Zulip Chat Archive
Stream: general
Topic: timeout with split_ifs
Kenny Lau (Jul 28 2018 at 07:02):
import data.fin variable {n : ℕ} def fin.fall : Π i : fin (n+1), i.1 < n → fin n := λ i h, ⟨i.1, h⟩ def fin.descend (pivot : fin (n+1)) : Π i : fin (n+1), i ≠ pivot → fin n := λ i H, if h : i.1 < pivot.1 then i.fall (lt_of_lt_of_le h $ nat.le_of_lt_succ pivot.2) else i.pred (λ H1, H $ by subst H1; replace h := nat.eq_zero_of_le_zero (le_of_not_gt h); from fin.eq_of_veq h.symm) def fin.ascend (pivot : fin (n+1)) : Π i : fin n, fin (n+1) := λ i, if i.1 < pivot.1 then i.raise else i.succ @[simp] lemma fin.descend_ascend (pivot : fin (n+1)) (i : fin n) (H : pivot.ascend i ≠ pivot) : pivot.descend (pivot.ascend i) H = i := begin unfold fin.descend fin.ascend, split_ifs -- (deterministic) timeout end
Kenny Lau (Jul 28 2018 at 07:02):
I've used split_ifs quite a lot but it just happens to timeout here
Kevin Buzzard (Jul 28 2018 at 07:34):
begin unfold fin.descend fin.ascend, have P := (ite (i.val < pivot.val) (fin.raise i) (fin.succ i)).val < pivot.val, let dP : decidable P := by apply_instance, -- fails
Is P decidable?

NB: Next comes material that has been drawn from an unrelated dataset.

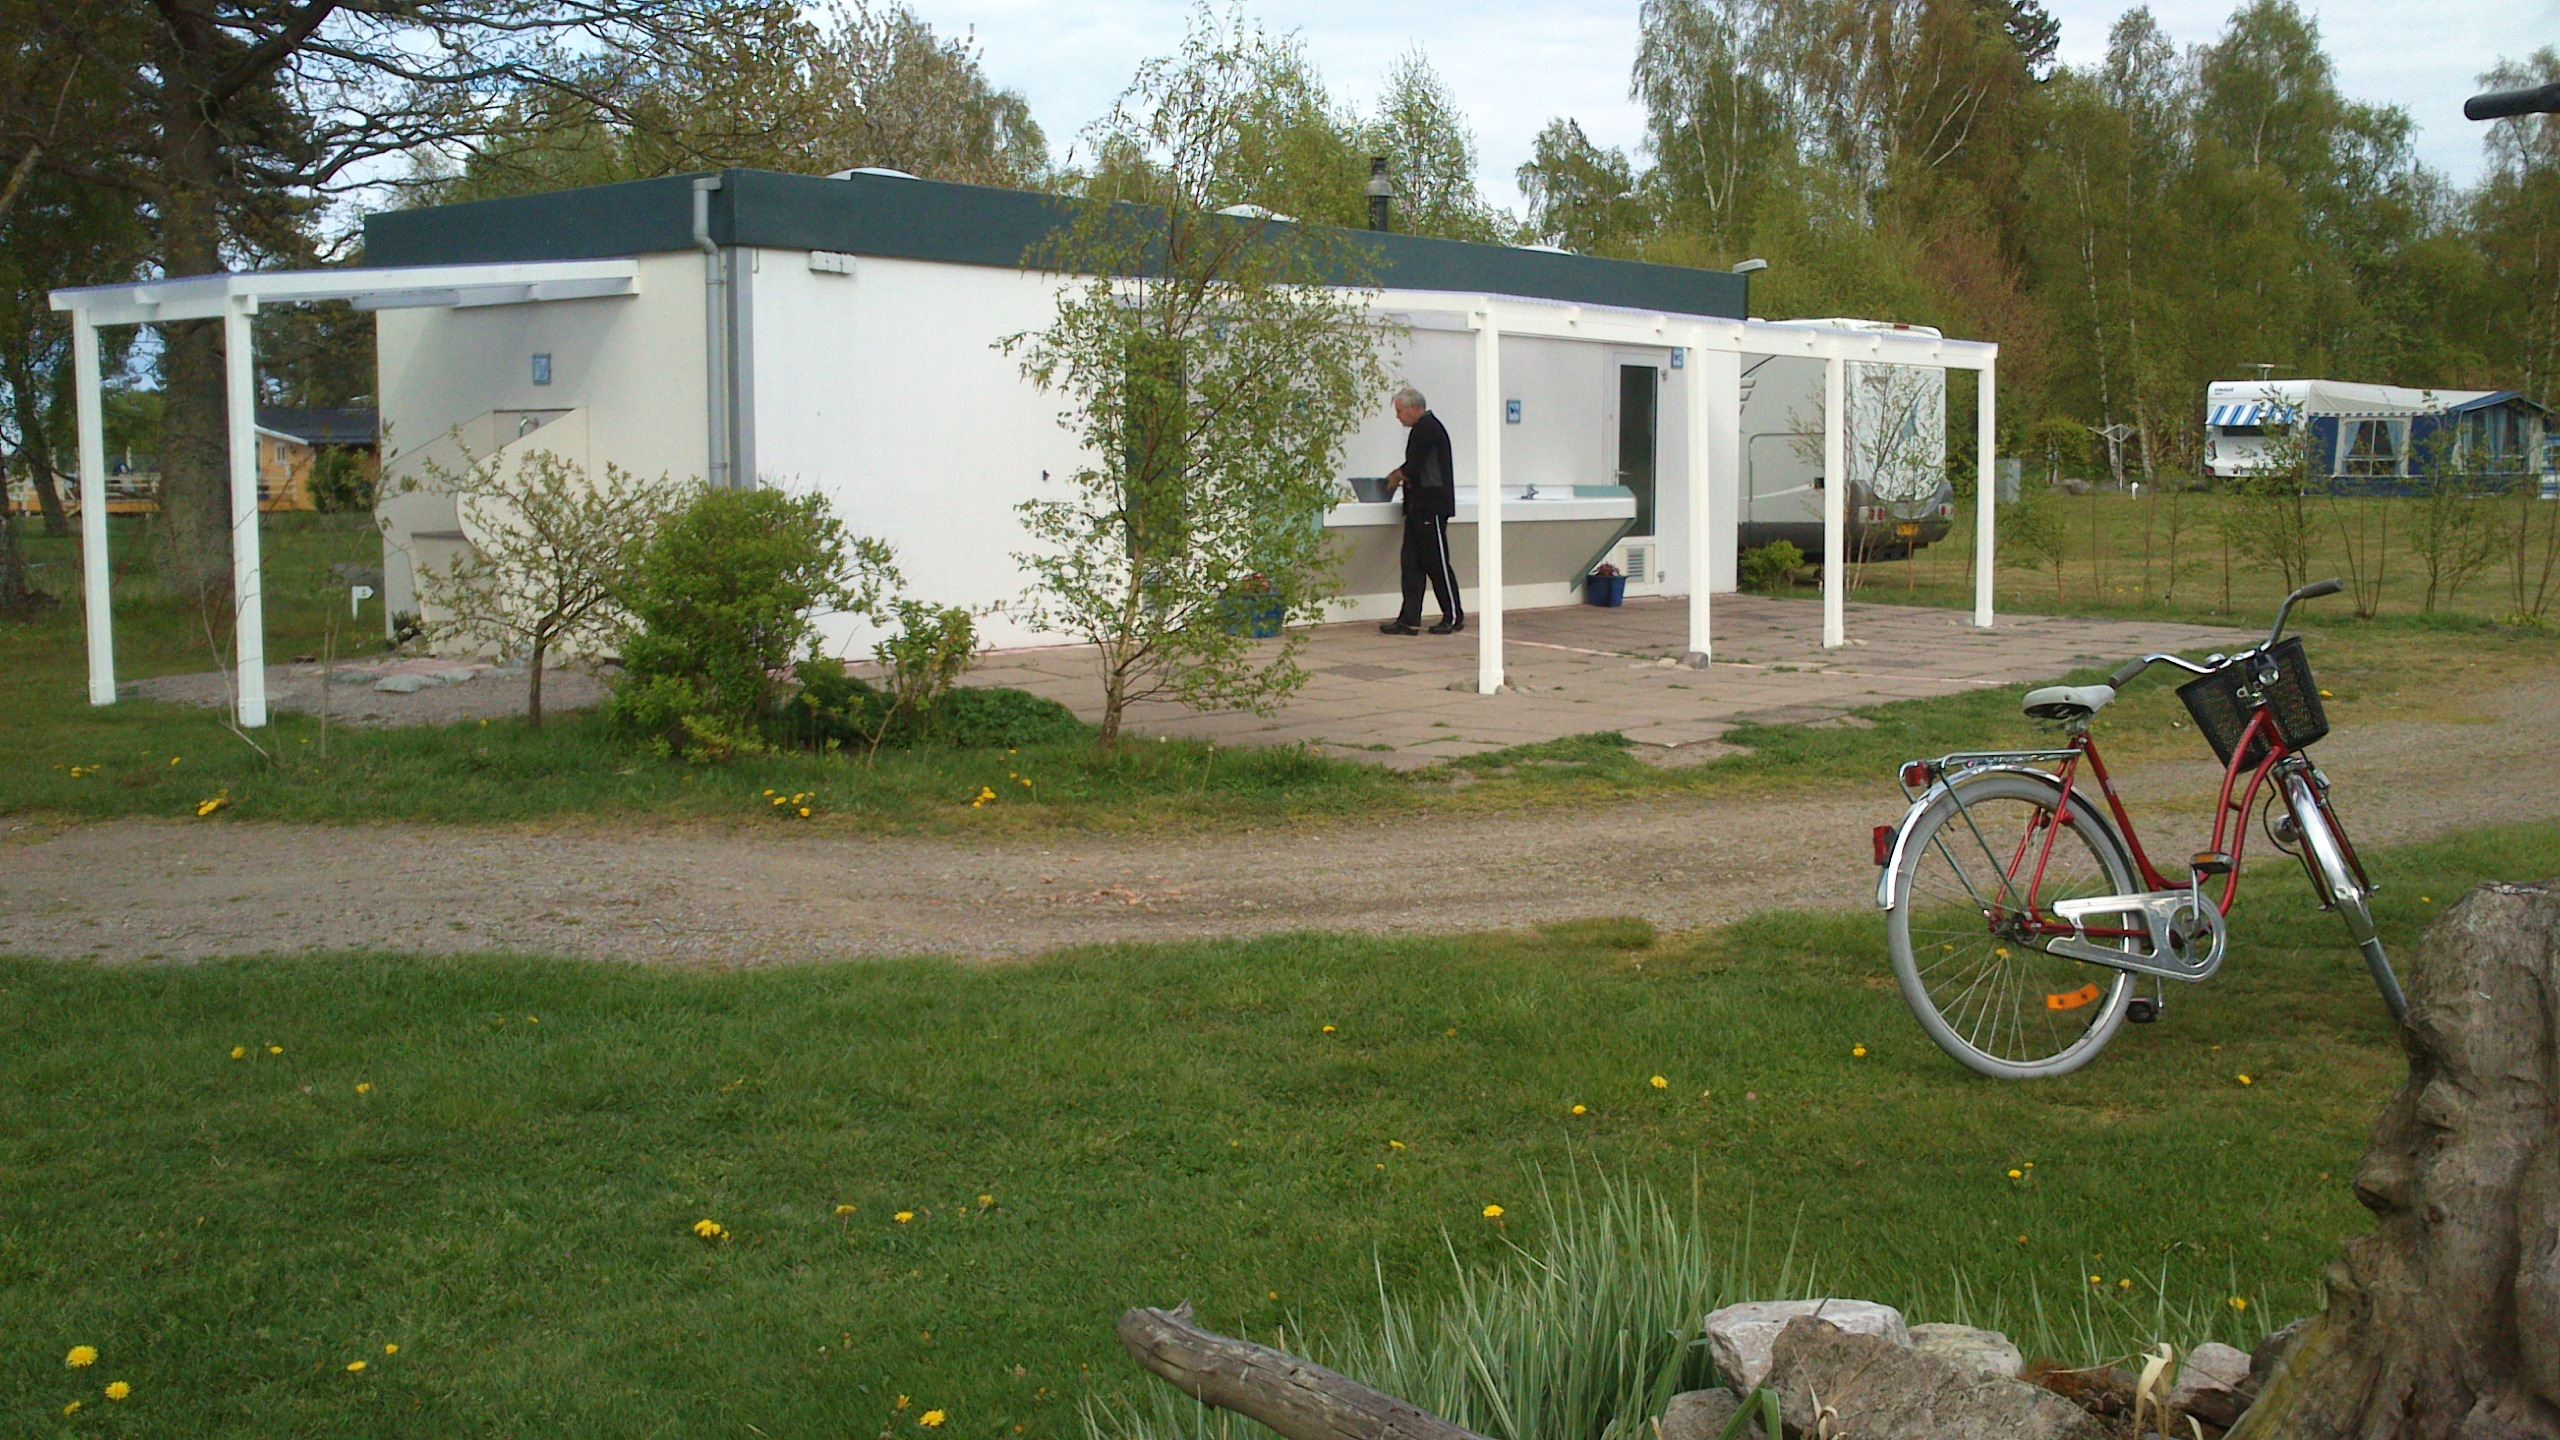 Skeppeviks Camping/Camping

It looks decidable to me.
Kenny Lau (Jul 28 2018 at 07:34):
it should be decidable
Kenny Lau (Jul 28 2018 at 07:34):
but Lean is not very intelligent
Kevin Buzzard (Jul 28 2018 at 07:35):
Is there some missing instance decidable.dite?
Kevin Buzzard (Jul 28 2018 at 07:54):
Is there some missing instance
decidable.dite?
P is just the statement that some nat is less than some other nat, right? But example (a b : ℕ) : decidable (a < b) := by apply_instance works fine
Kevin Buzzard (Jul 28 2018 at 08:00):
Oh I'm being an idiot. I've used have instead of let again.

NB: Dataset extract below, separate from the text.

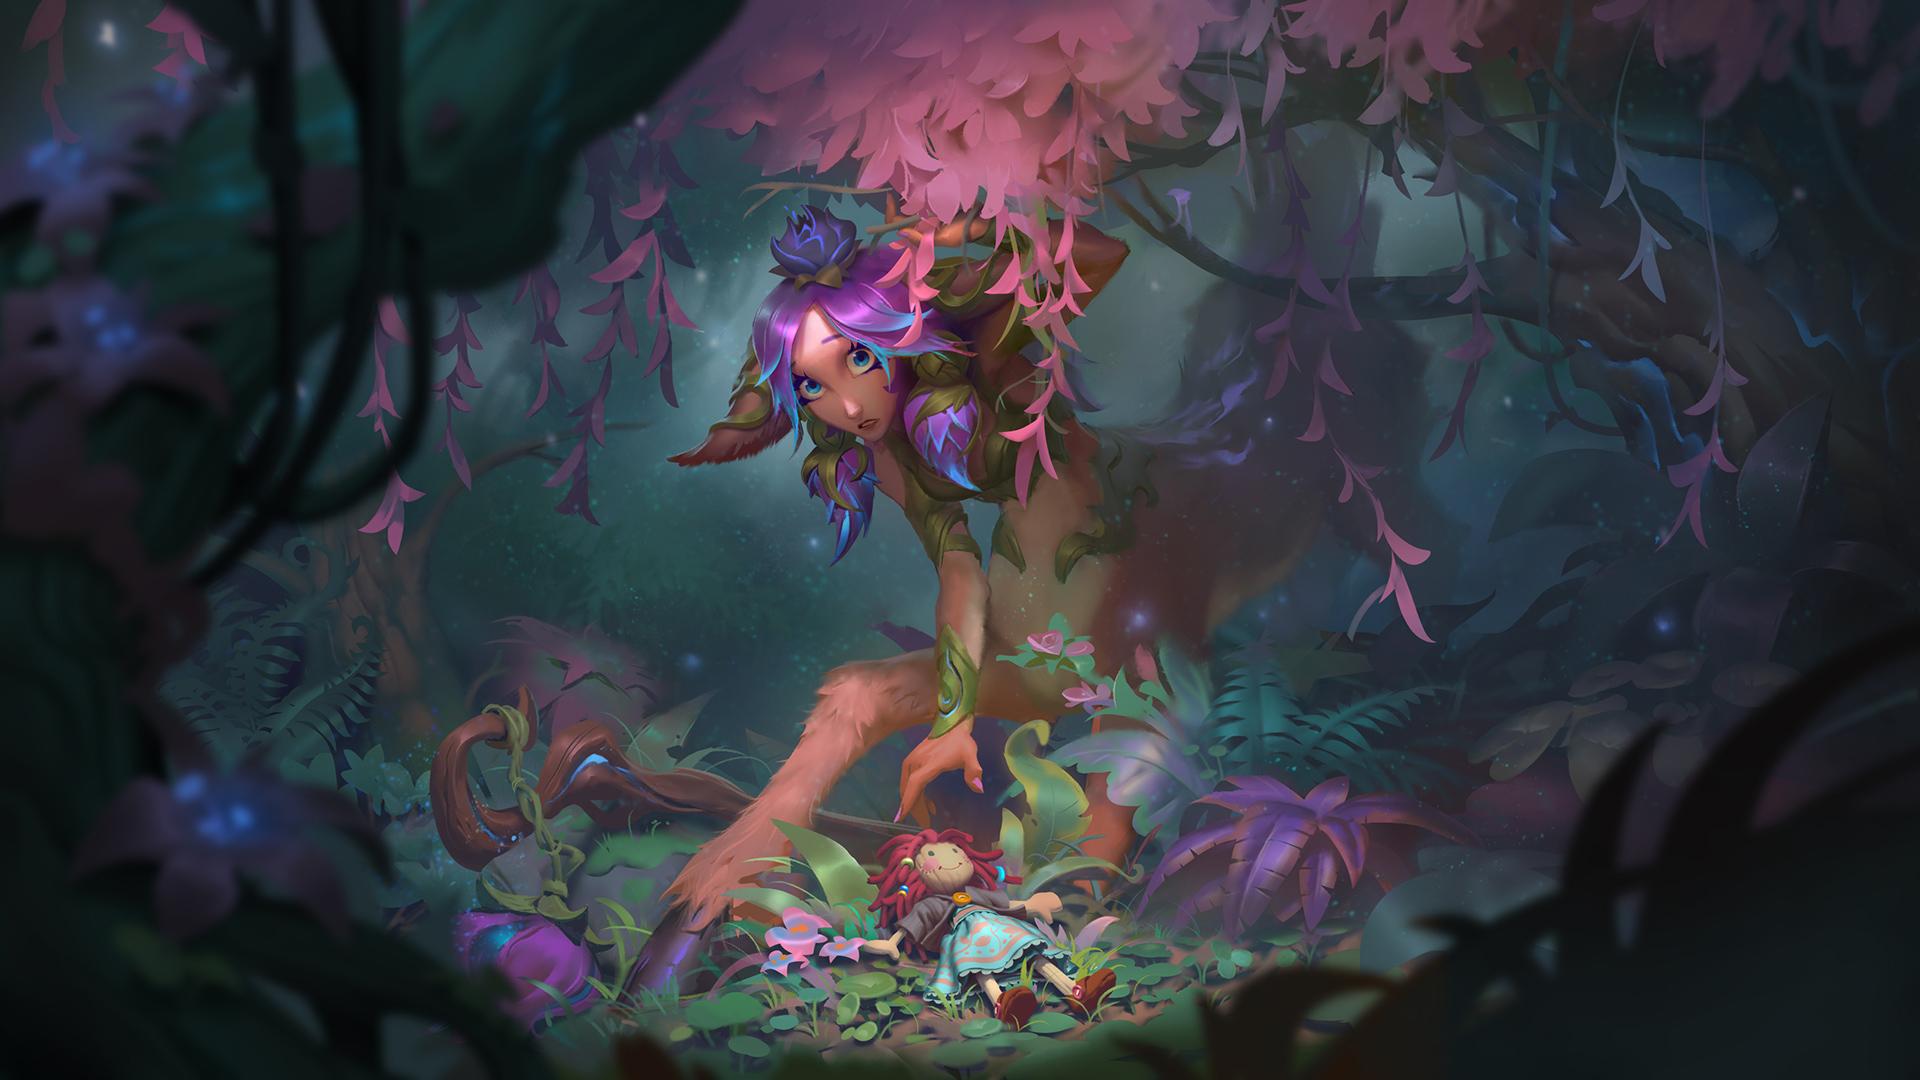 Lillia The Garden of Dreaming

Gabriel Ebner (Jul 28 2018 at 08:15):
https://github.com/leanprover/mathlib/pull/224
Kevin Buzzard (Jul 28 2018 at 08:15):
Nice one Gabriel.
Gabriel Ebner (Jul 28 2018 at 08:16):
Apparently simp cannot simplify the second ite.
Kenny Lau (Jul 28 2018 at 08:17):
thanks
Last updated: Dec 20 2023 at 11:08 UTC